**Dataset extract**
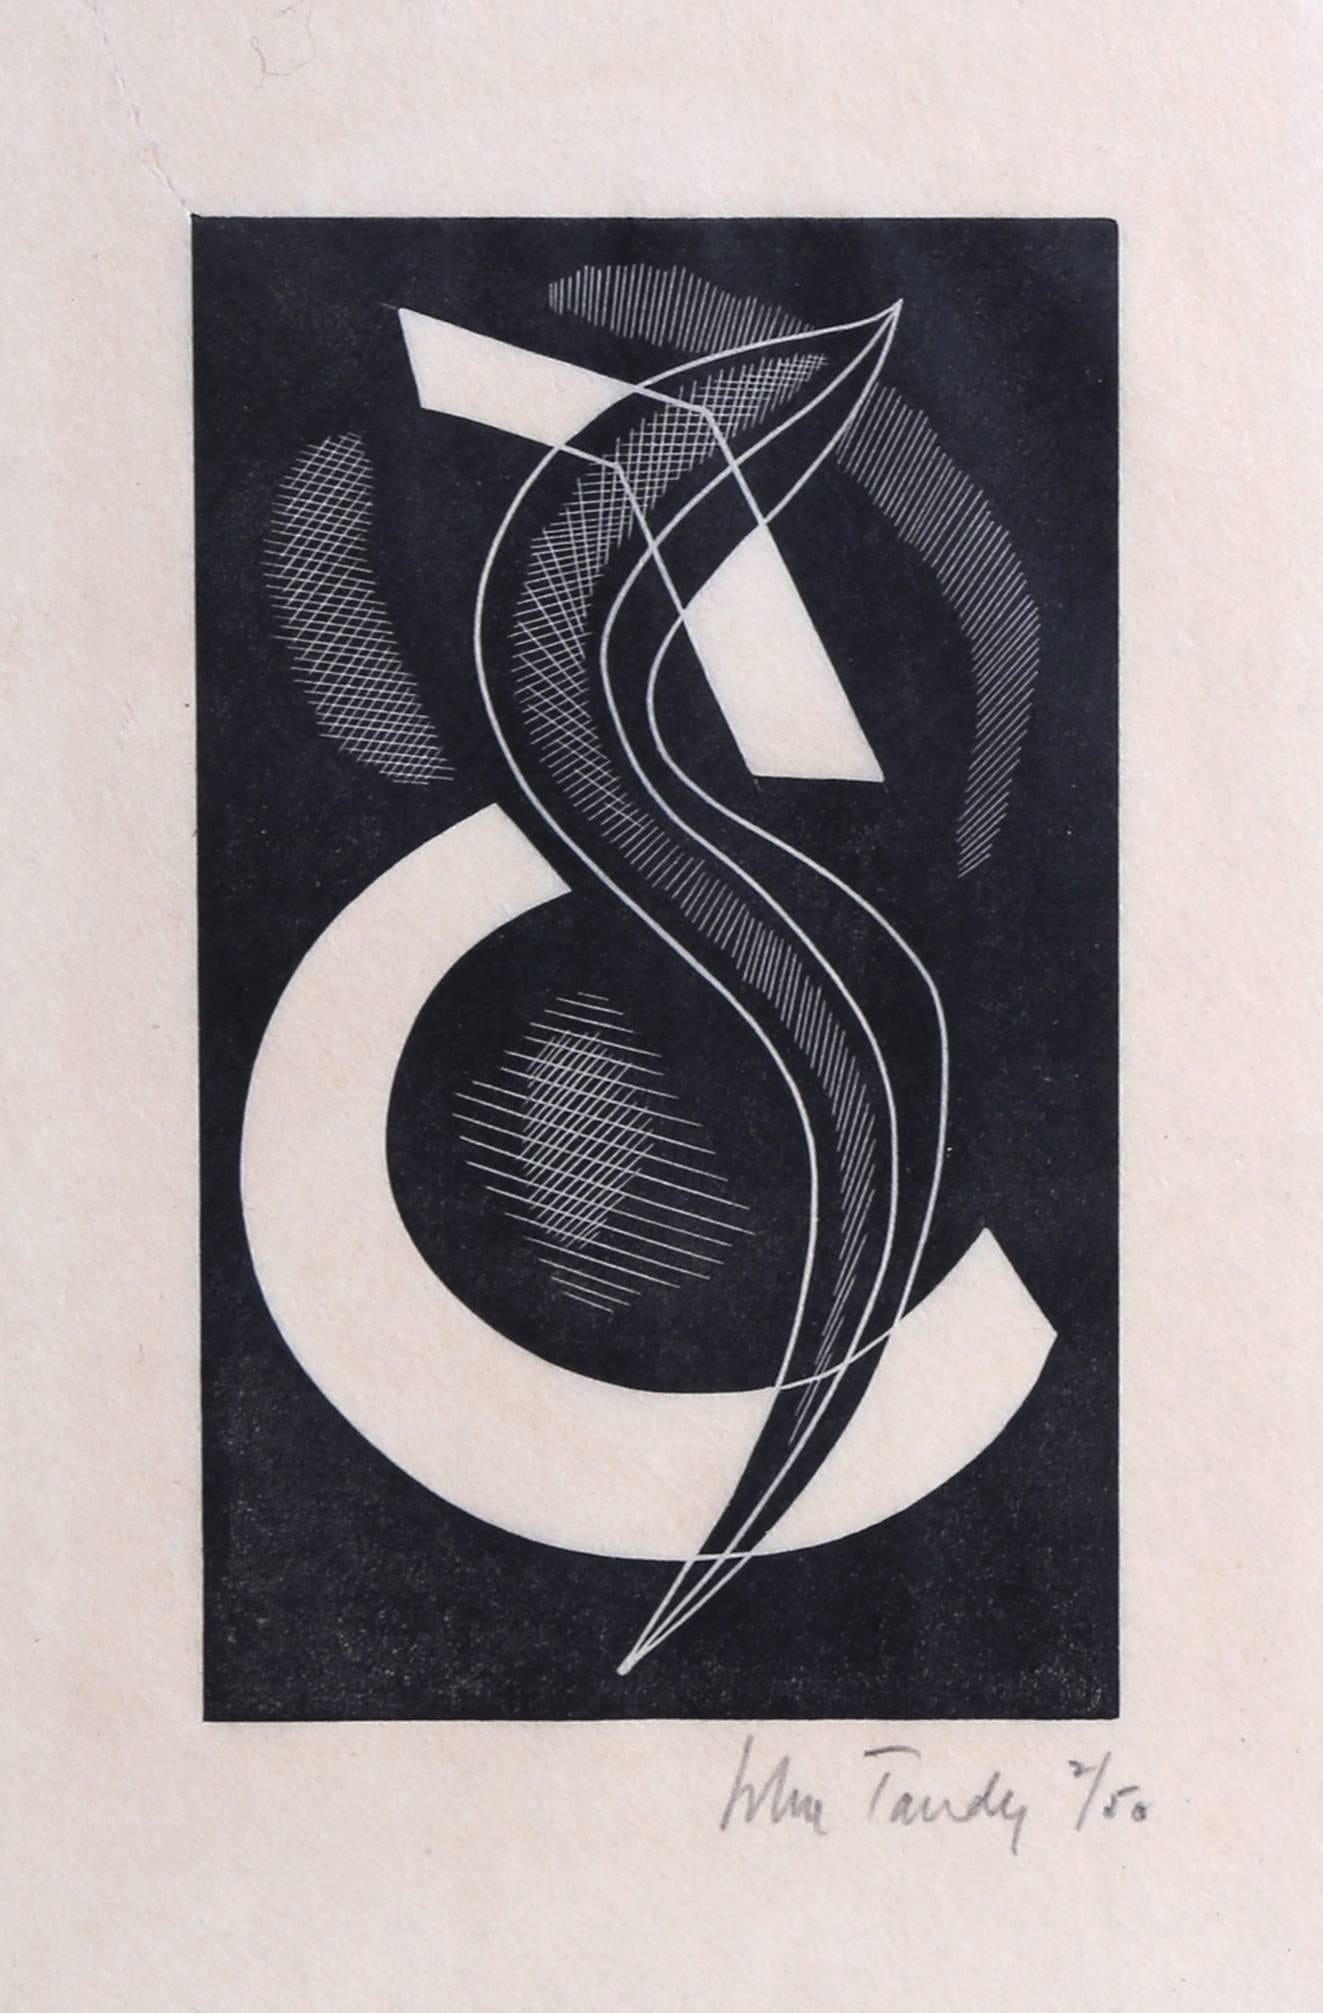 John Tandy Abstract Print - Modern Abstract Woodcut by John Tardy
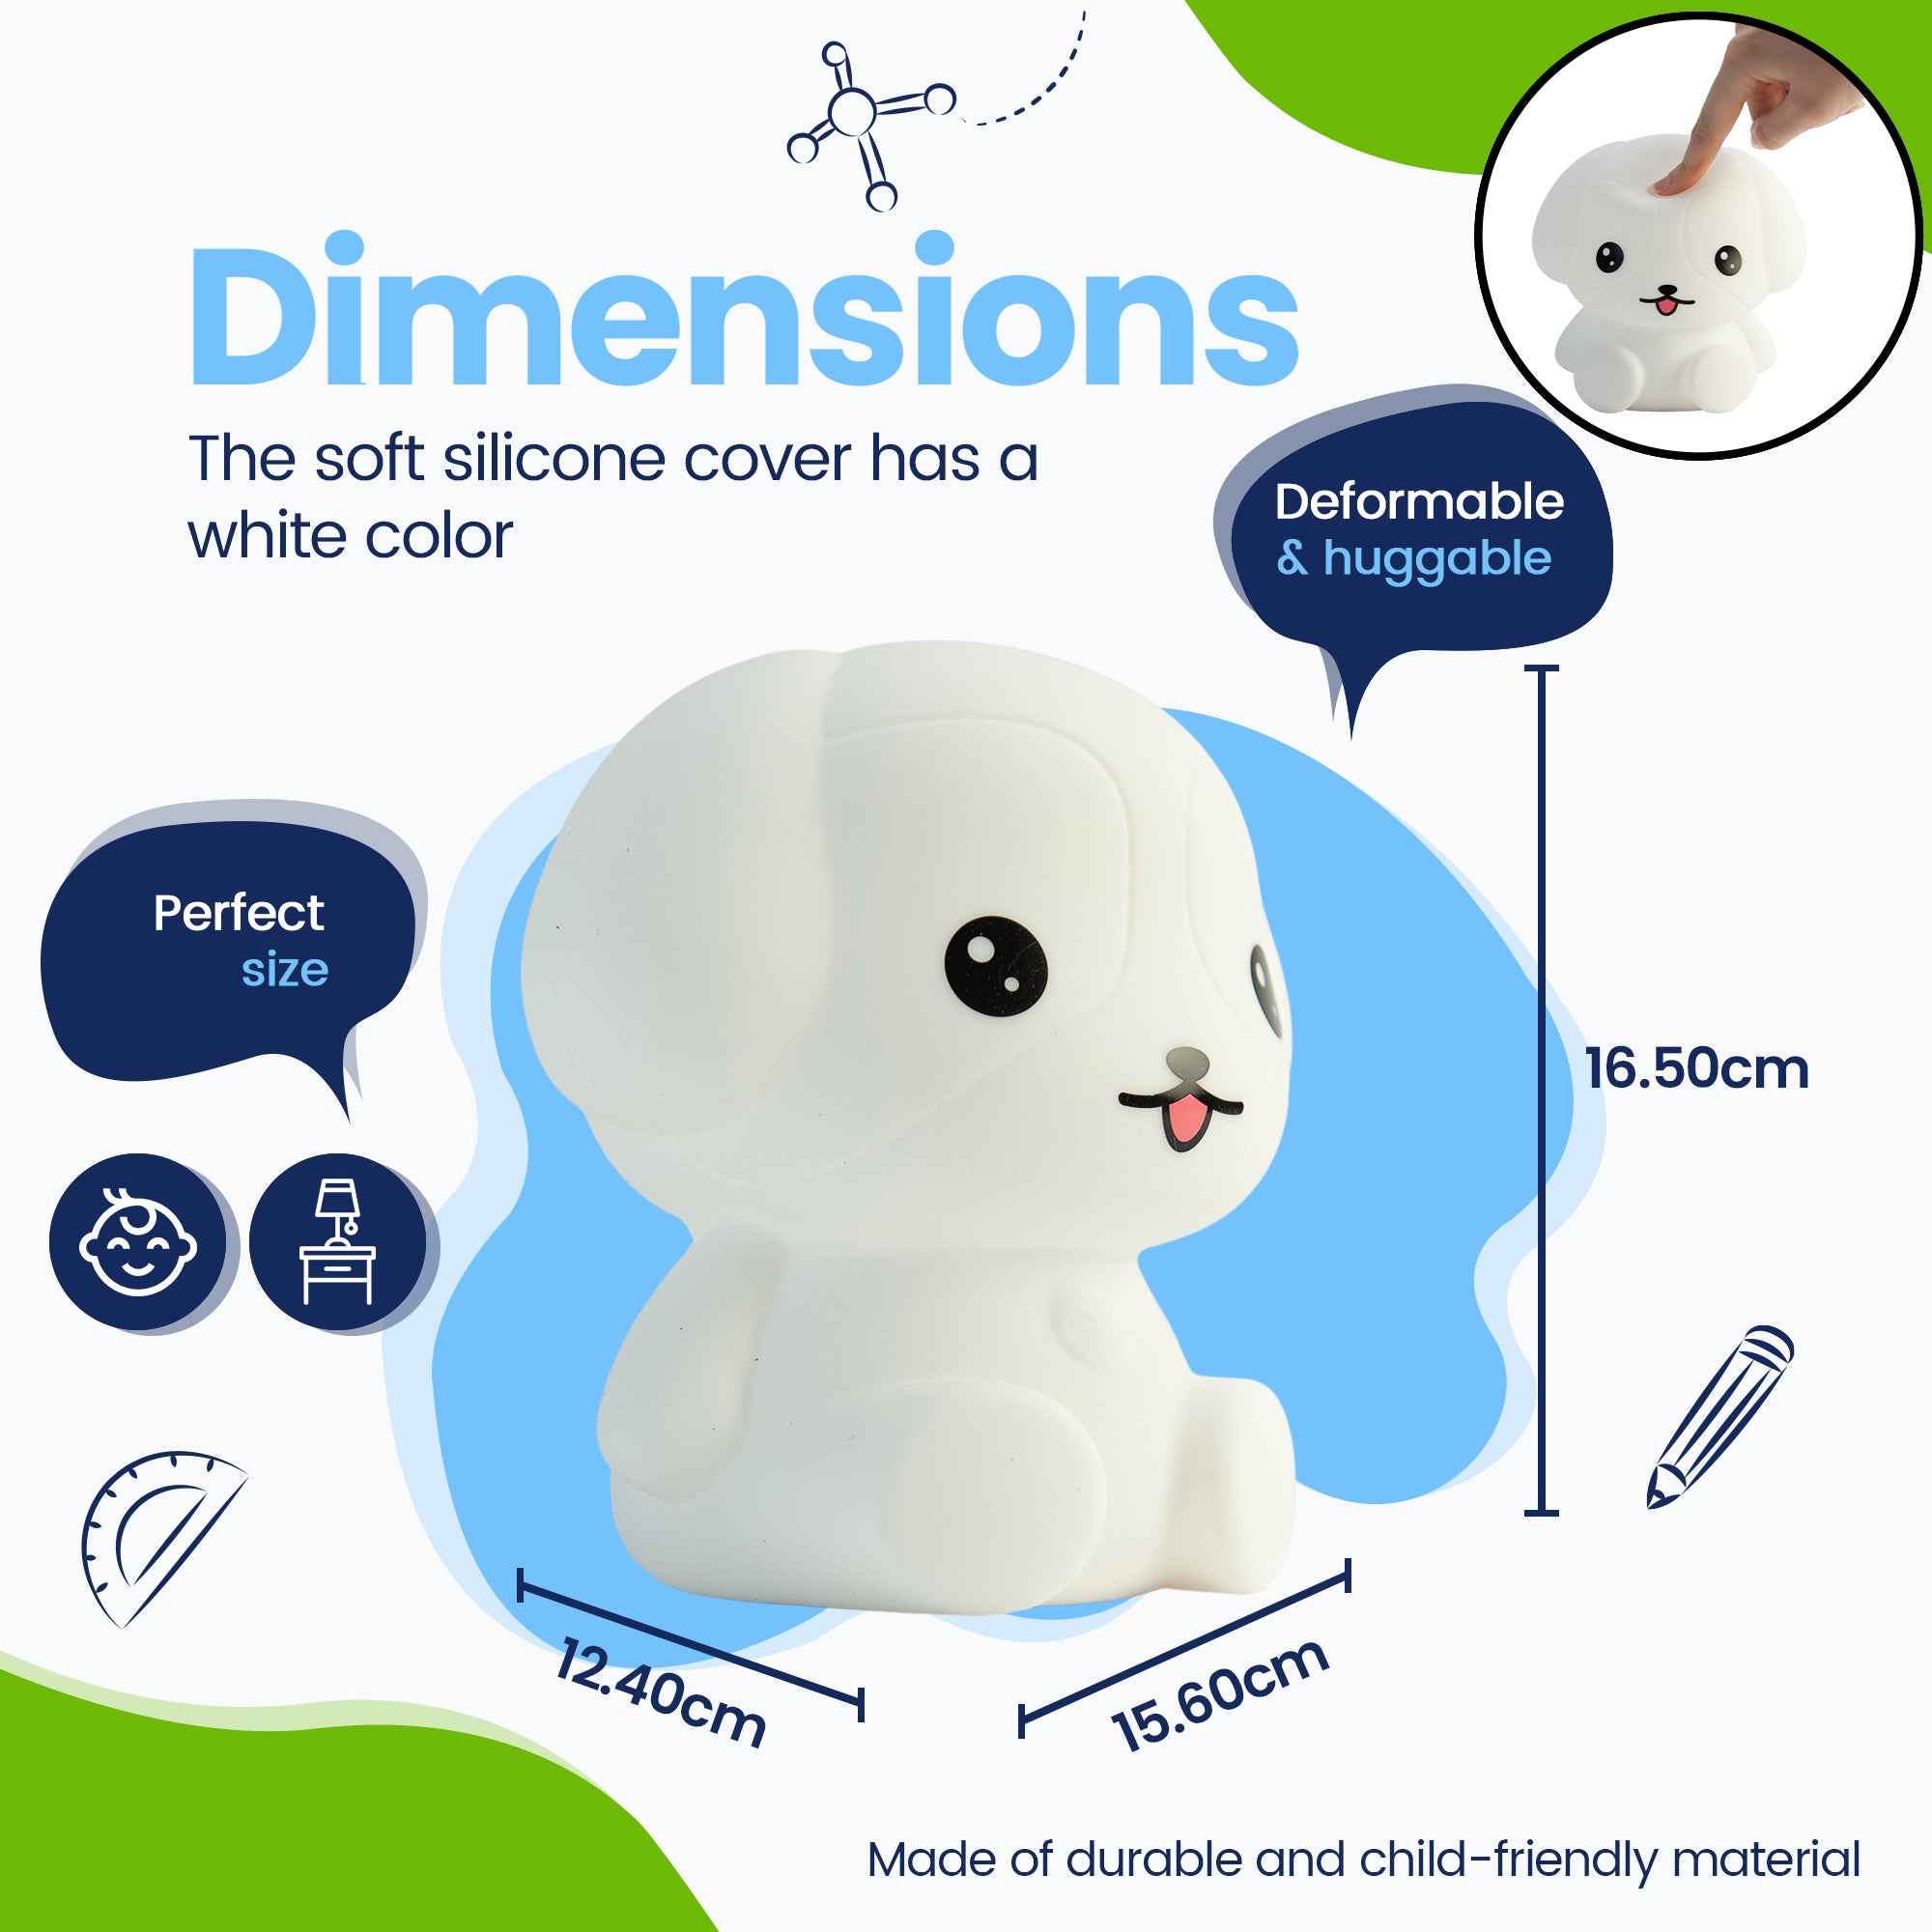 Dimensions Puppy Night Lamp - Perfect size - Premium Design - The silicone cover is white in color
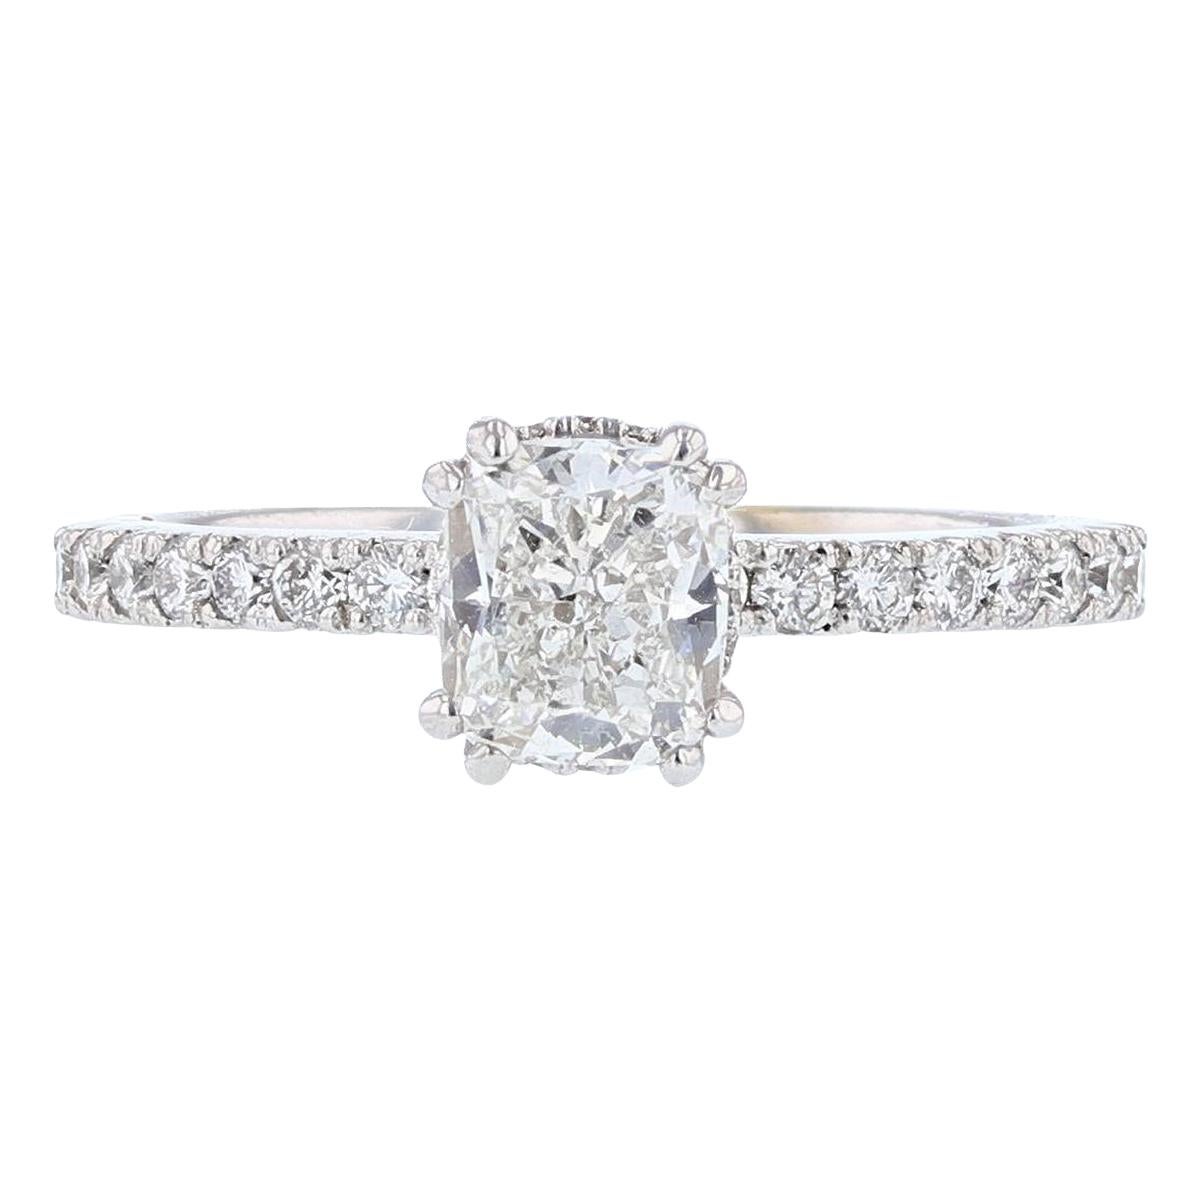 Nazarelle GIA Certified 1.02 Carat Cushion Cut Diamond Engagement Ring
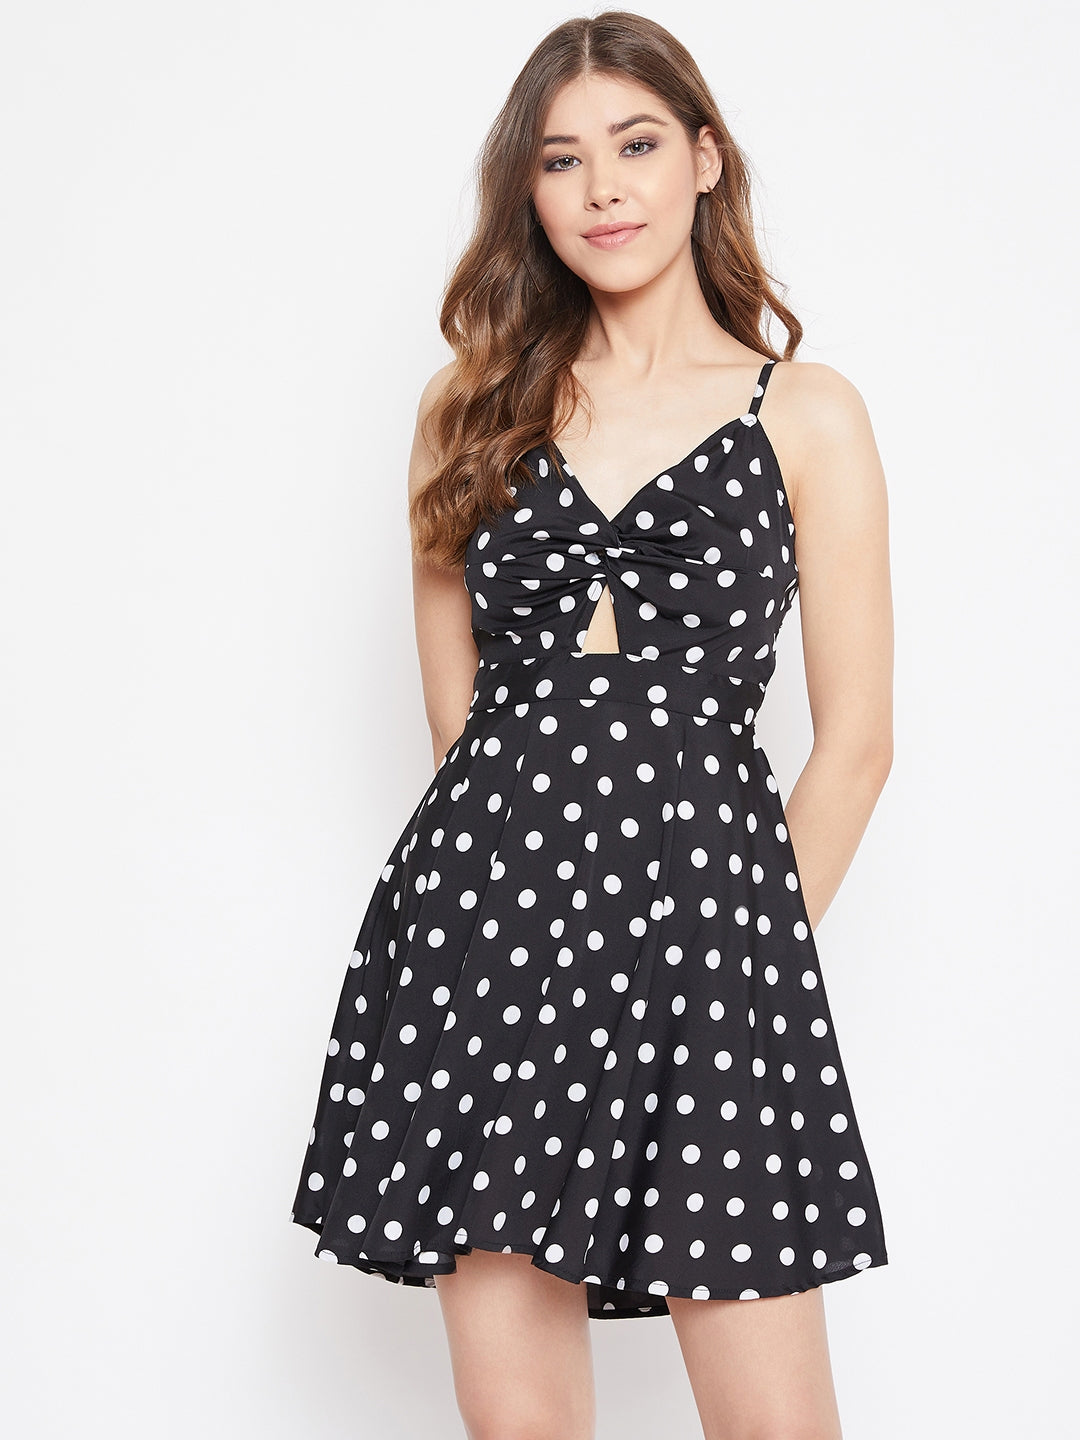 Berrylush Women Black Polka Dot Printed Front Twisted Fit & Flare Mini Dress

**Exercise description**
Only the pictures are to be left out; restate everything else in the listing word for word.

**Answer box**
 John Tandy Abstract Print - Modern Abstract Woodcut by John Tardy
 Dimensions Puppy Night Lamp - Perfect size - Premium Design - The silicone cover is white in color
 Nazarelle GIA Certified 1.02 Carat Cushion Cut Diamond Engagement Ring
 Berrylush Women Black Polka Dot Printed Front Twisted Fit & Flare Mini Dress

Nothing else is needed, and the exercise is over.